Kurt Granroth has done a little analysis
of his own.
KAbiWord. Andrew Wansink briefly announced
that he has started work on a port of AbiWord to KDE.
This sparked a little controversy, mainly the realization that KOffice
has been quite usable at several stages in the development, yet no
interim user release has ever been made and the lone Freshmeat
announcement dates back to last October. The fact that the KOffice
codebase has now been ported to KDE 2.0 makes the matter of an interim
release a little trickier. Fortunately for Debian users, and thanks
to the formidable
efforts of Ivan E. Moore II, debian packages for kde*-cvs and
koffice-cvs will eventually be available.
Also in light of various difficulties involved with a KDE interface
for the Gimp, there is talk
of developing a new easy to use, yet powerful image manipulation tool
for KDE. Developers interested in such an effort should contact Michael Koch.
More KDE Quickies.
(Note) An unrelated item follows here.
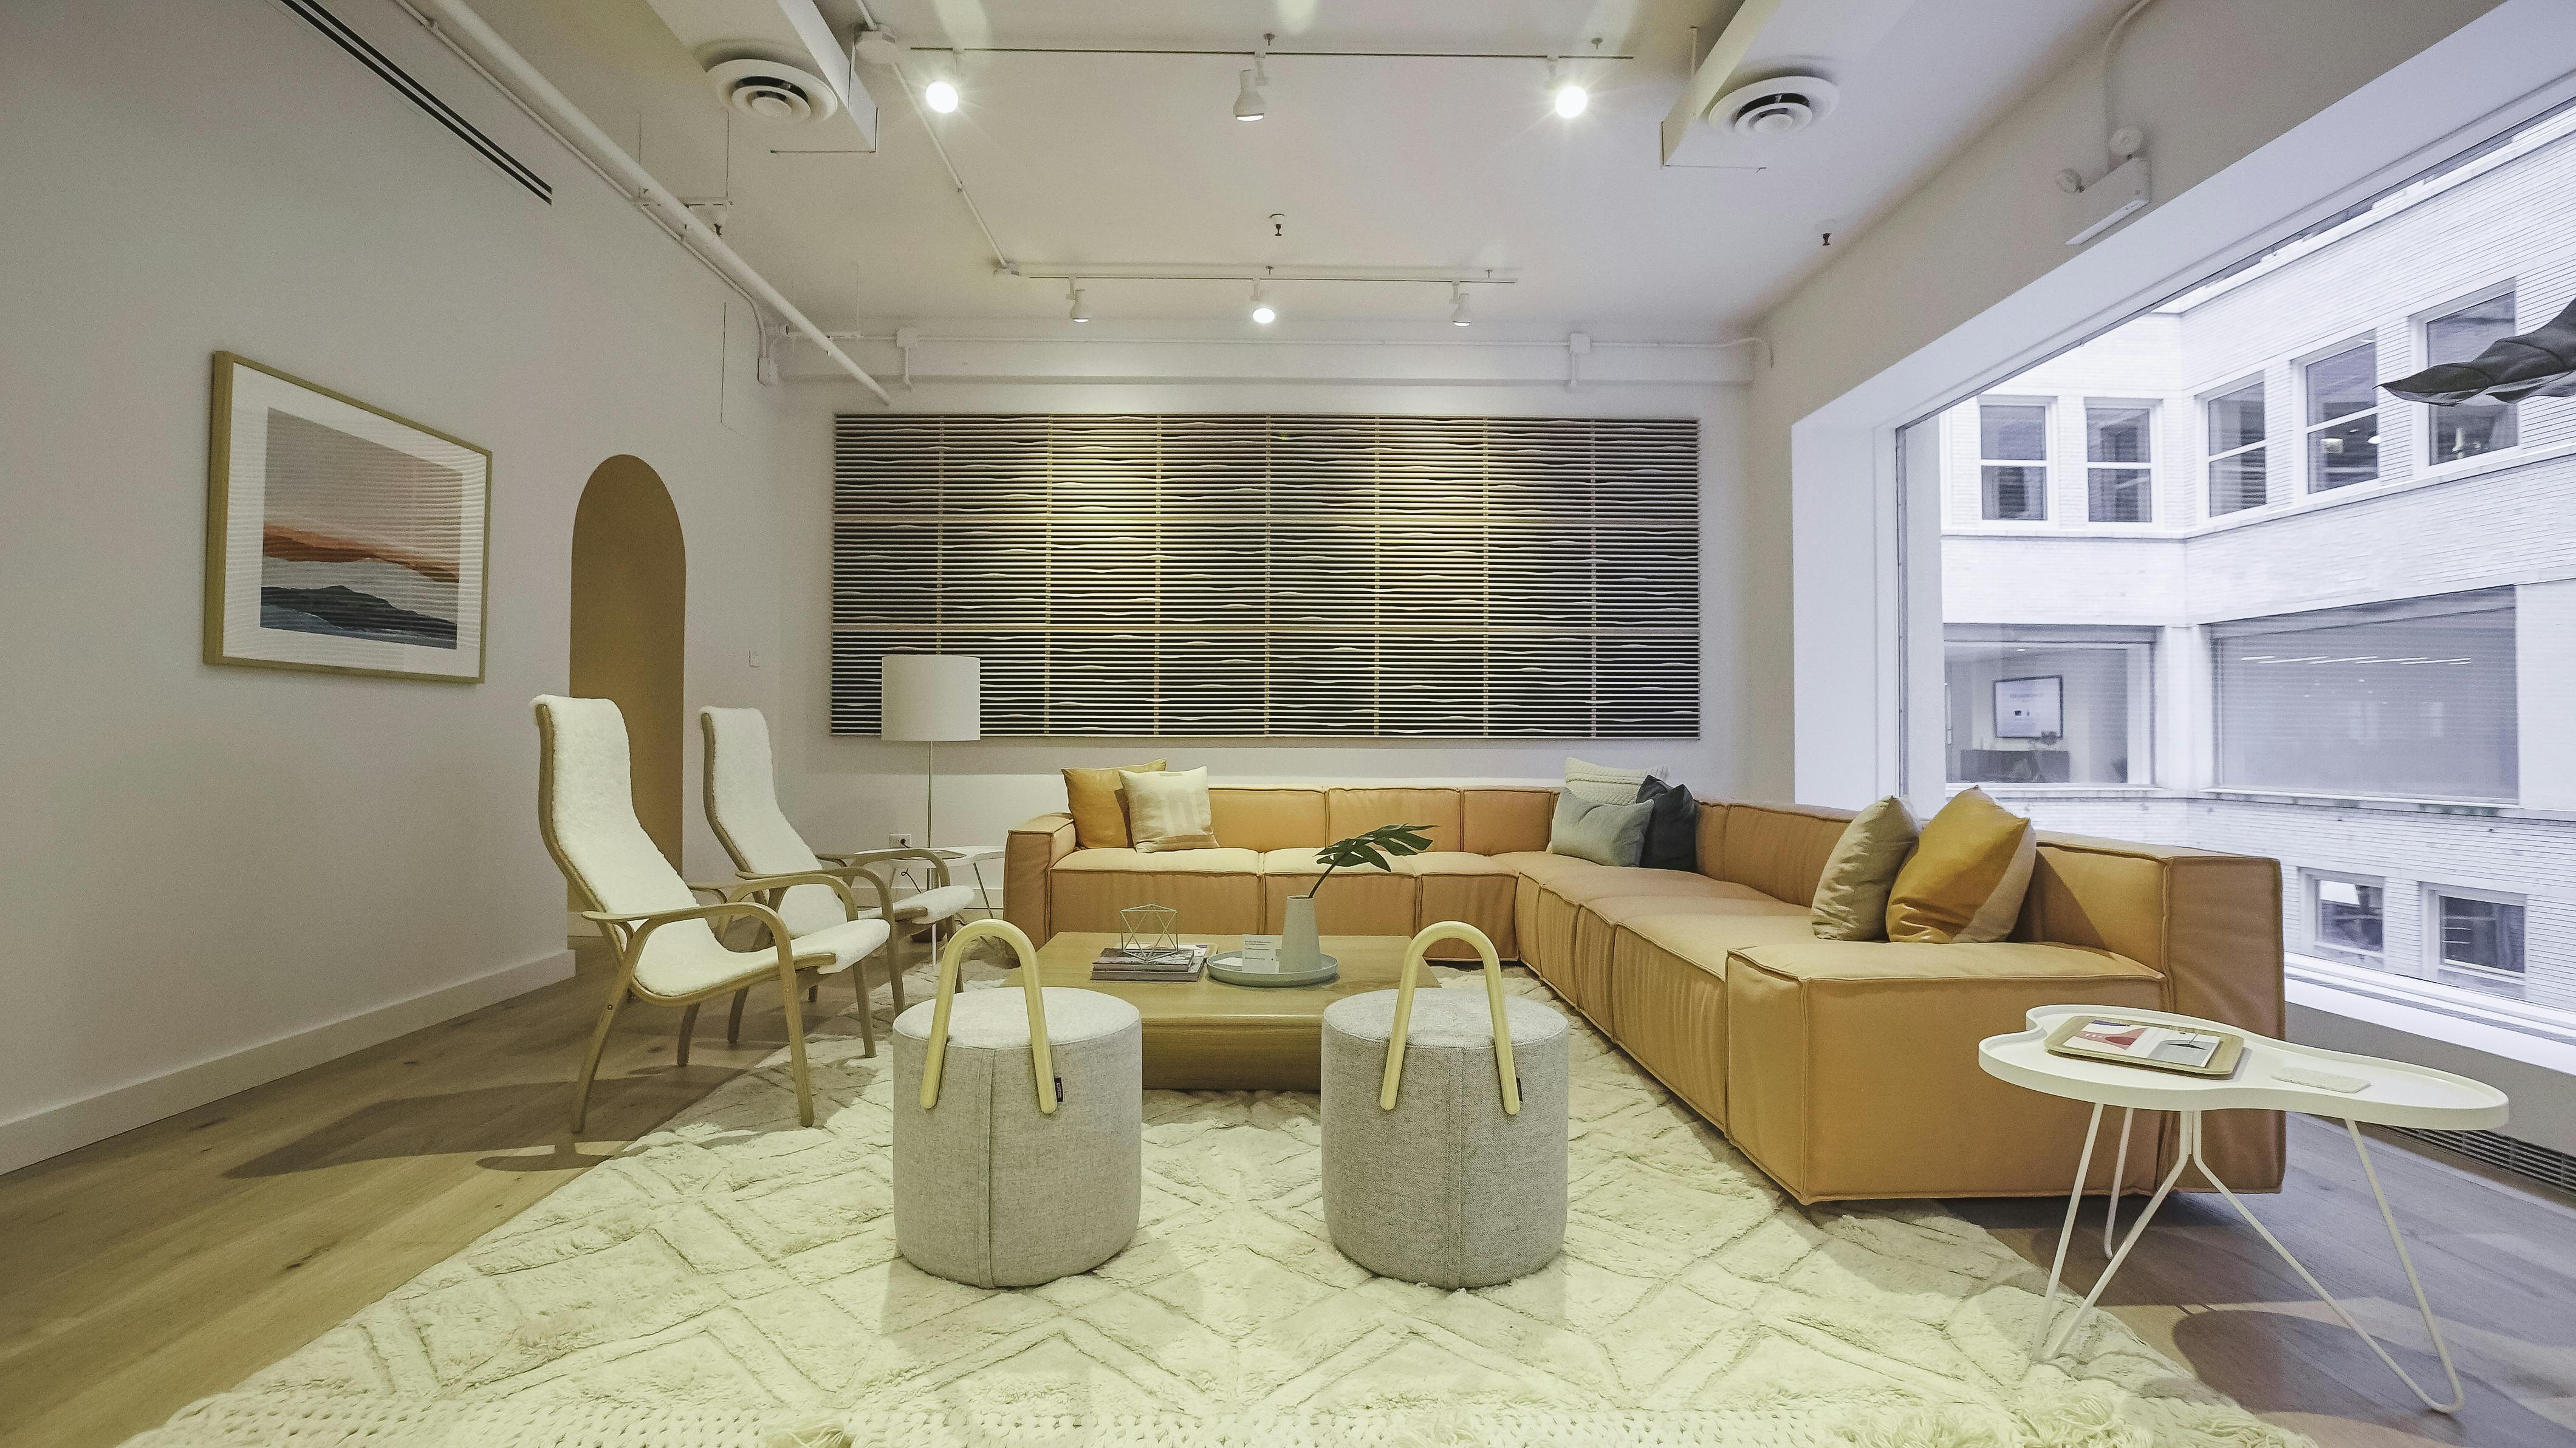 Image of Hightower's showroom with a pale peach colored sectional, two Lamino chairs with white sheepskin, and two Amstelle Poufs. The room has a white rug and wood floors.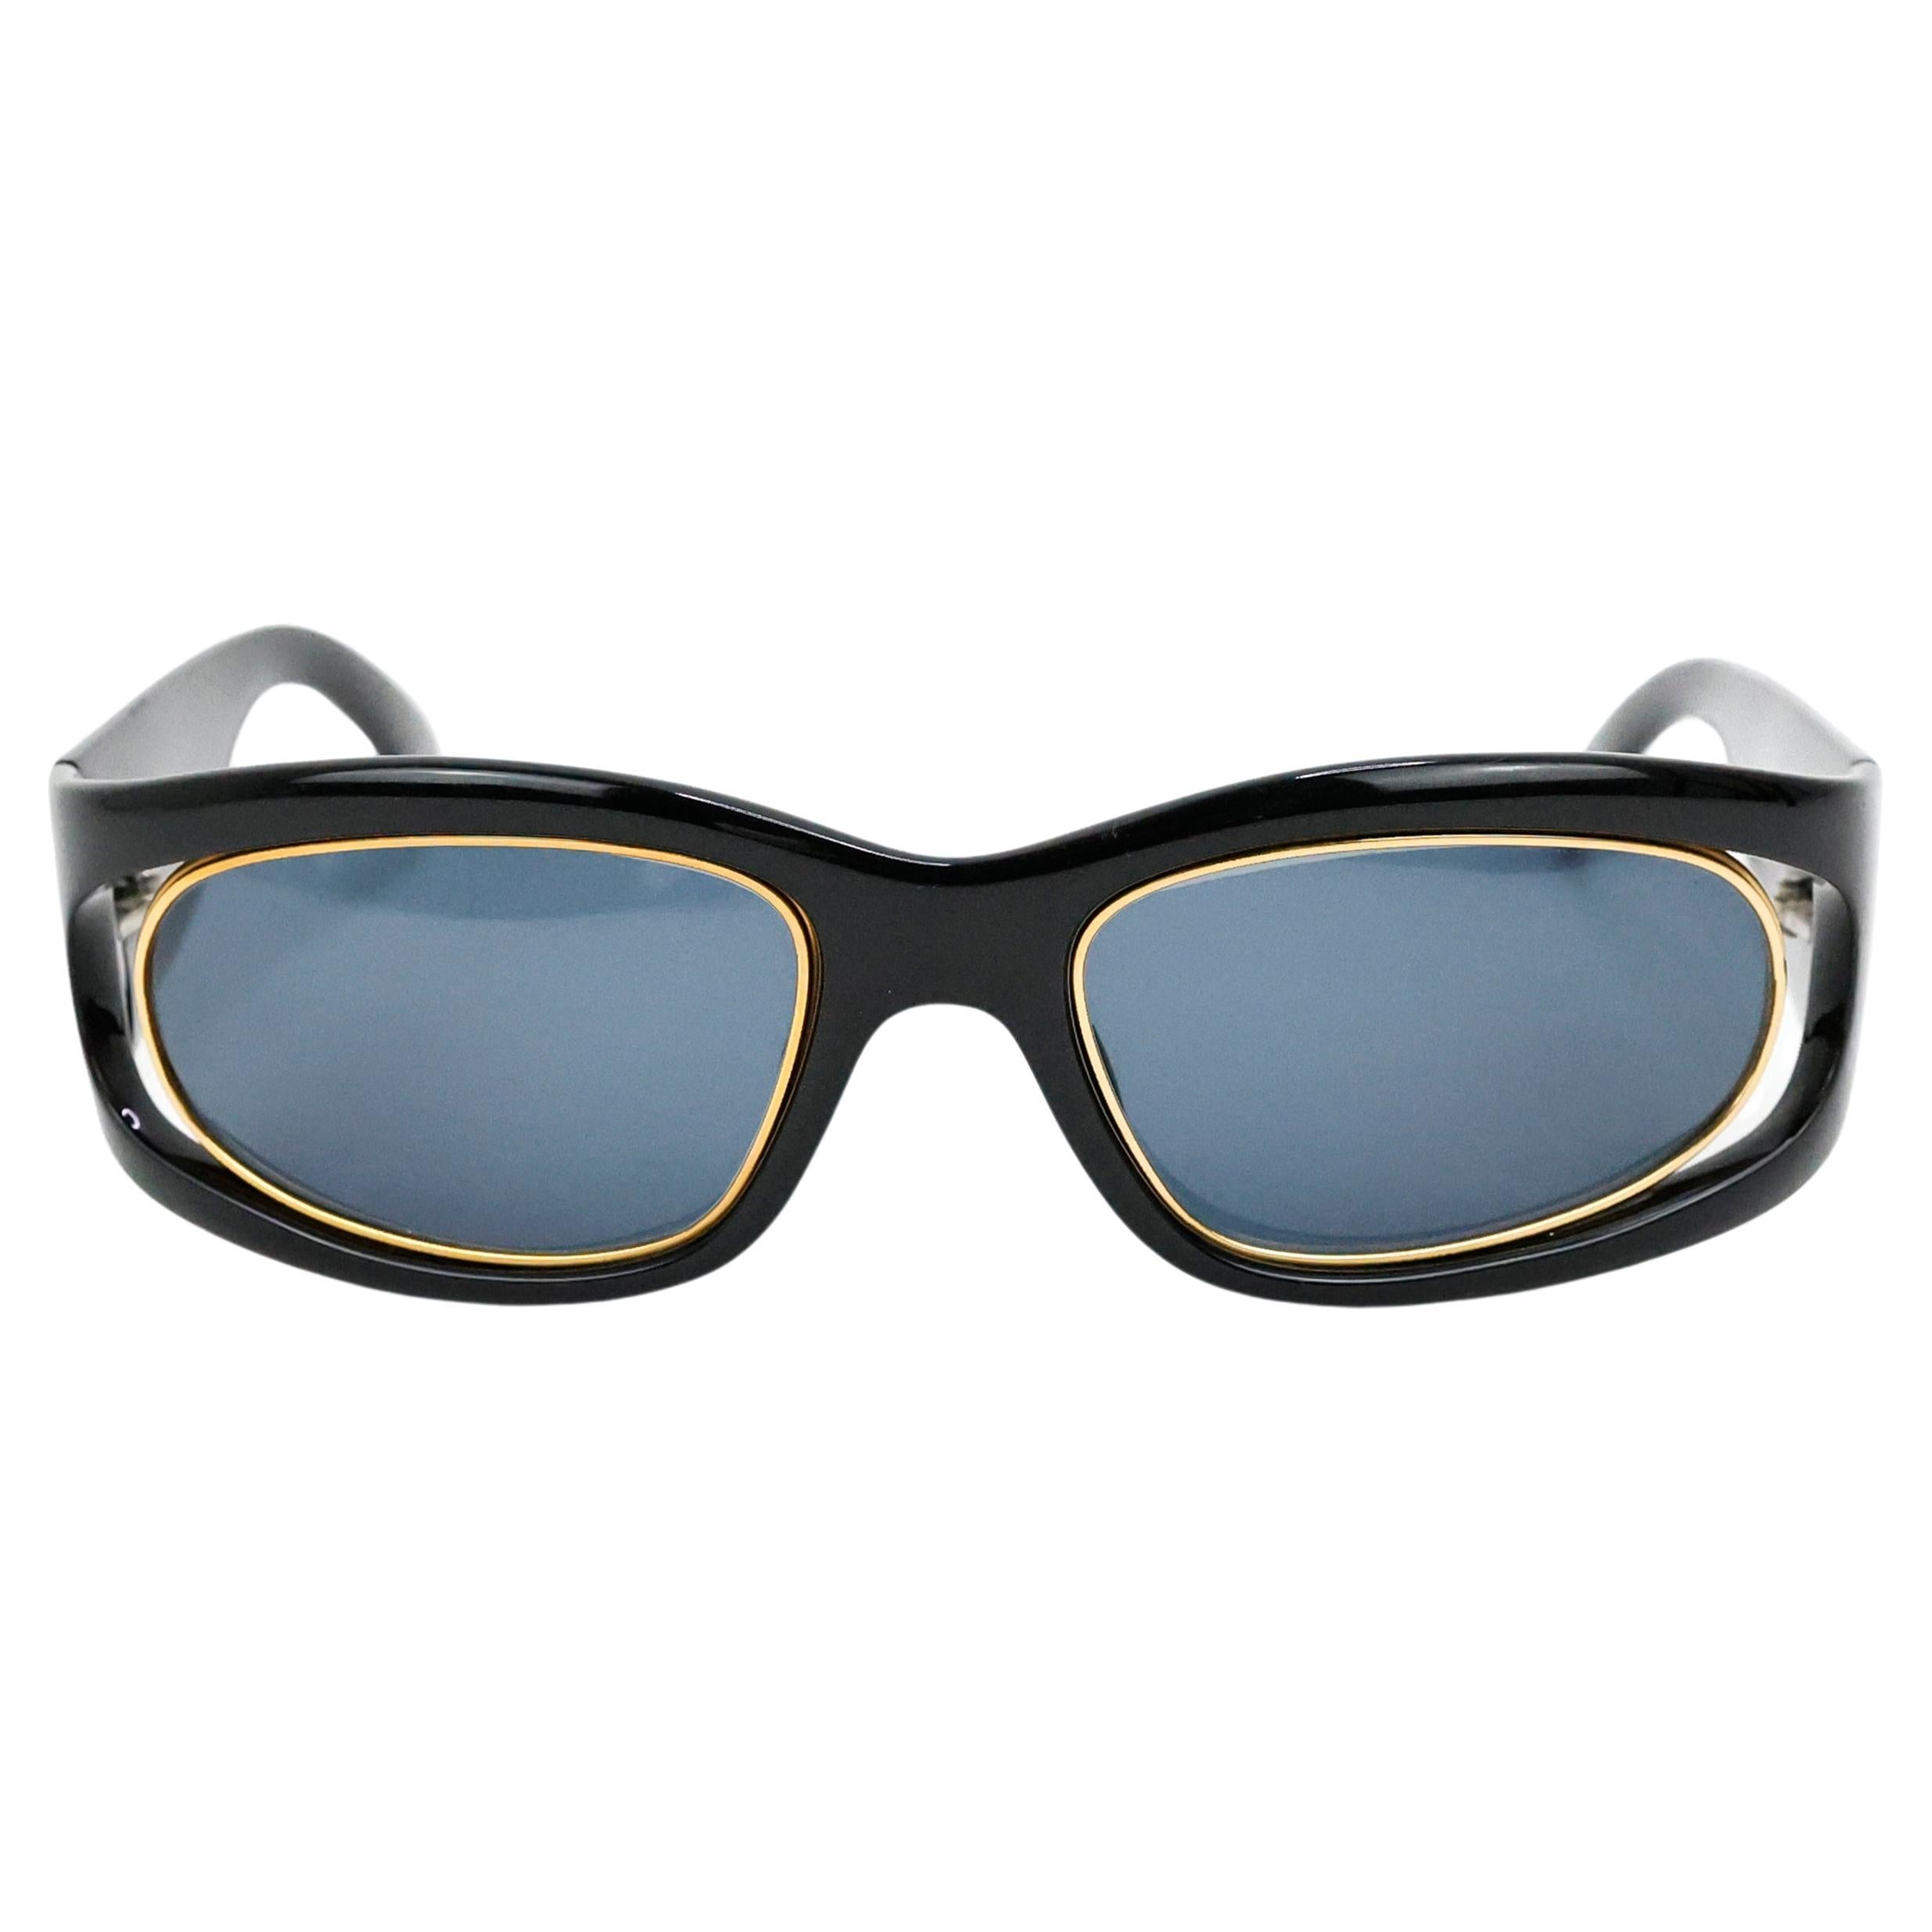 Dior Sunglasses mod. CD2040 Black and Gold For Sale

In other news, the KDE team has made the
move to the latest and greatest MICO 2.2.6; Bo Thorsen gave us this update
on KodeKnight development; Antonio Larrosa announced
and implemented
a new controversial feature for Konsole and other applications:
background transparency; Stephan Kulow declared -- and executed --
intentions of revising the KDE file hierarchy standards with an eye to
enabling better compliance with the FHS; and finally, for a cheap
laugh, you might want to see how aggressively
the KDE developers have been porting over to QString in light of the
Unicode support in Qt 2.0.
Thanks, Navin.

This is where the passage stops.